What does it mean to be a Zen Center priest?

by Tom Dharma-Joy Reichert

In January, we held a meeting where the current ZCLA priests met with anyone interested in exploring becoming a priest. We have not had such a meeting in quite a long time – in fact, I can’t remember one in the last decade. It was a wonderful meeting that demonstrated the diversity of our priests and their paths of training and service. No two reflections were the same!

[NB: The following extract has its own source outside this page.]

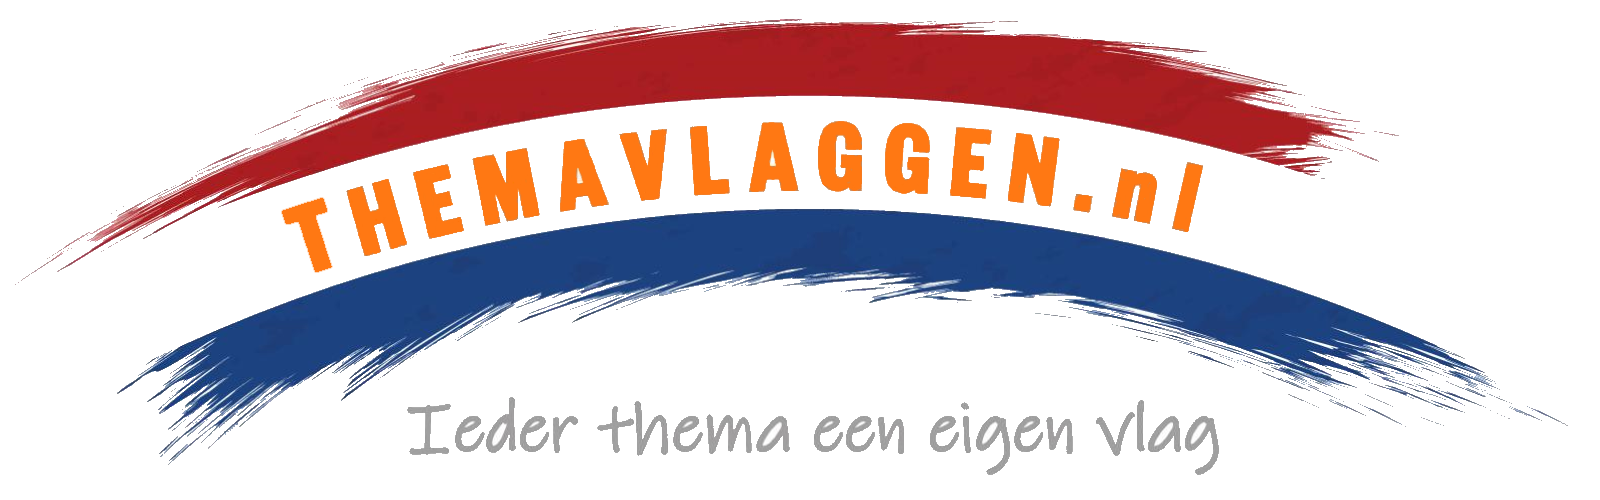 resterend Reorganiseren Seizoen Themavlaggen.nl | voor ieder thema een speciale themavlag!

Subsequently, the priests met in February – our first meeting as a group since before the pandemic. It was wonderful to get together; in the new reality, we had several people joining us via Zoom – from Brazil, Georgia, Arizona and Central California – along with those of us in person. The priests are in the process of working collectively to develop and clarify certain common guidelines for the priests and priest candidates to consider when someone wants to ordain as a novice priest (a ceremony called shukke tokudo).

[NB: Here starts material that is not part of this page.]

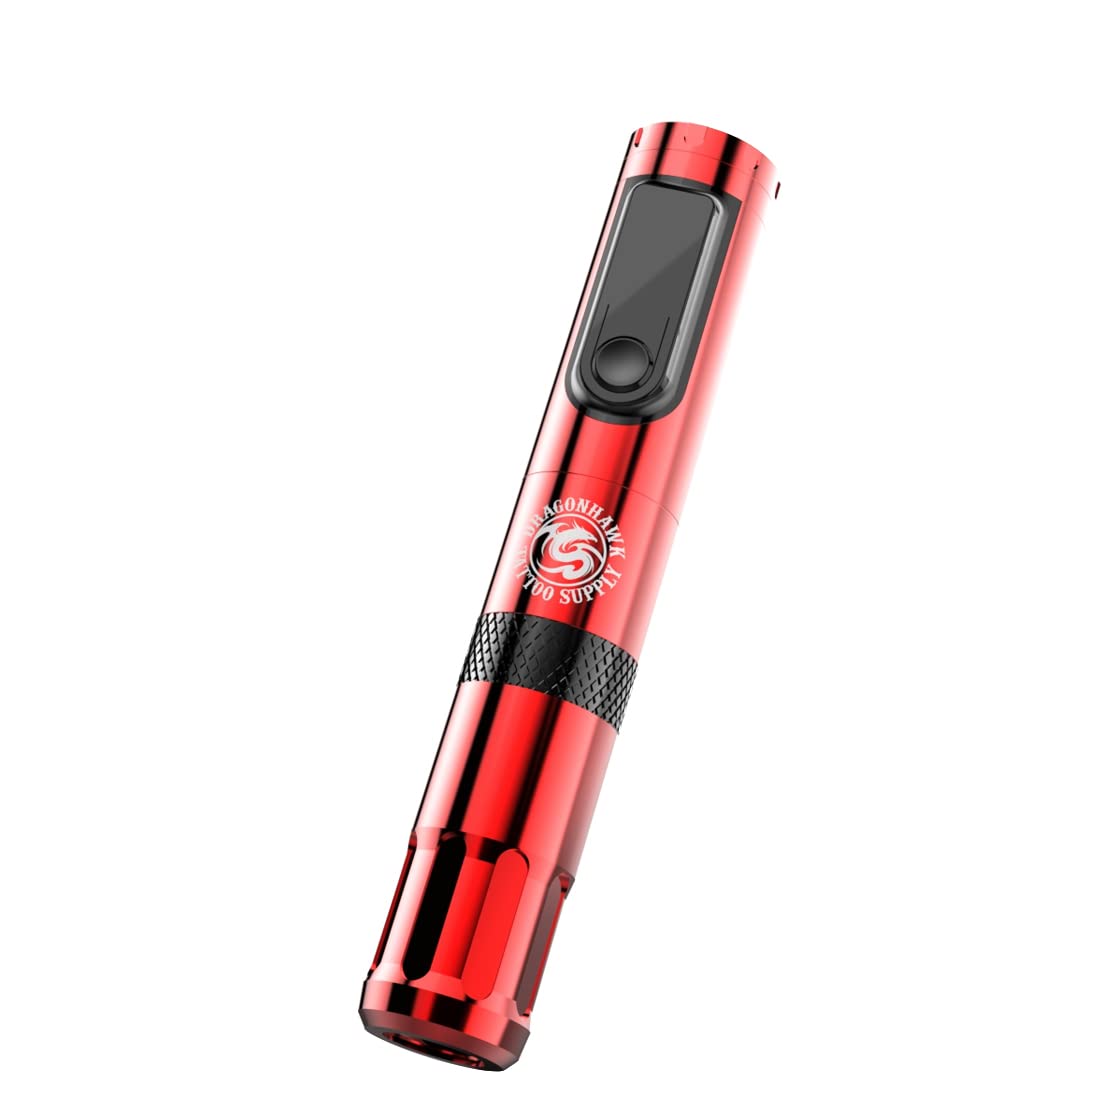 Dragonhawk X4 Red Wireless Tattoo Pen Machine

As is true with virtually every “path,” the priest path involves ancient principles and practices that we are constantly reexamining and adapting in a modern context. What does it really mean to be a priest? Not just in the abstract, but here, at ZCLA, in 2023? How does the priest path differ from any other training path? Of course, we are in the process of sketching out a series of different training paths that will comprise the Open Palm School; this is intended to clarify the distinctions among various different training paths – the emphasis being on the term “training.” Training involves both external guidance and internal determination and self-initiative; clarifying the various training paths helps both the student and the teacher directionally. But, as you may notice if you are around for any period of time, the distinctions between these paths are not crisply delineated – indeed, they can be very mushy. So, while many people would say that one function specifically reserved for priests is to officiate at liturgical services in the Buddha Hall, in our lineage we have opened that role up to allow certain lay practitioners to lead services as well. Different people have different feelings about this – but that’s how it is, and we invite you to roll those feelings into your practice and to use them to examine your ideas about how things “should” be. As with so much in Zen practice, if you are looking for hard-and- fast, black-and-white answers and rules, you’ve come to the wrong place. Can you hold and enjoy the complexity and let go of fixed ideas?

Fundamentally speaking, the role of a priest is to serve. Of course, everyone who chants the Four Great Bodhisattva Vows is vowing to serve: “Numberless beings/I vow to serve them.” But for a priest, he or she or they have put this vow – specifically, the vow to serve the Sangha – at the center of their lives. As a priest said to me many years ago, when I was considering novice ordination, while service can be optional for lay people, for priests it is not. Personally, I have always carried that perspective with me.

 

The function of a priest is to serve the Sangha – the Noble Sangha. The Sangha is one of the Three Treasures. It is through practicing together, as a Sangha, that we wake up. It is how we rub off our sharp edges and learn harmonious practice. At ZCLA, we emphasize collective wisdom and awakening. A priest who ordains here is making a deeply rooted vow to nurture the ZCLA Sangha. But, of course, this term “Sangha” has many facets, opening out further and further, and none of them is left out from the vow of service. The vow of service does not have any qualifying footnotes.

Becoming a priest, your relationship to the Sangha changes, in ways both obvious and subtle. While you be- come more visible with this new form and its black robes, mostly the role of a priest is to be invisible, to do what needs to be done without drawing attention to yourself, or seeking notice or praise. A priest is a role of service, but sometimes it can go to your head. Do you think you’re special because you’re a priest? Do Sangha members think so? The ego is subtle and pervasive. Becoming a priest is a wonderful opportunity to see that and to practice with it.

And then there is the “priest archetype,” a set of expectations that may be completely unspoken that permeates your view of yourself and the Sangha’s view of you. What ideas and expectations do you have about what it means to be a priest? Sangha members, what expectations do you have?


Sensei Dharma-Joy is the Head Priest at ZCLA.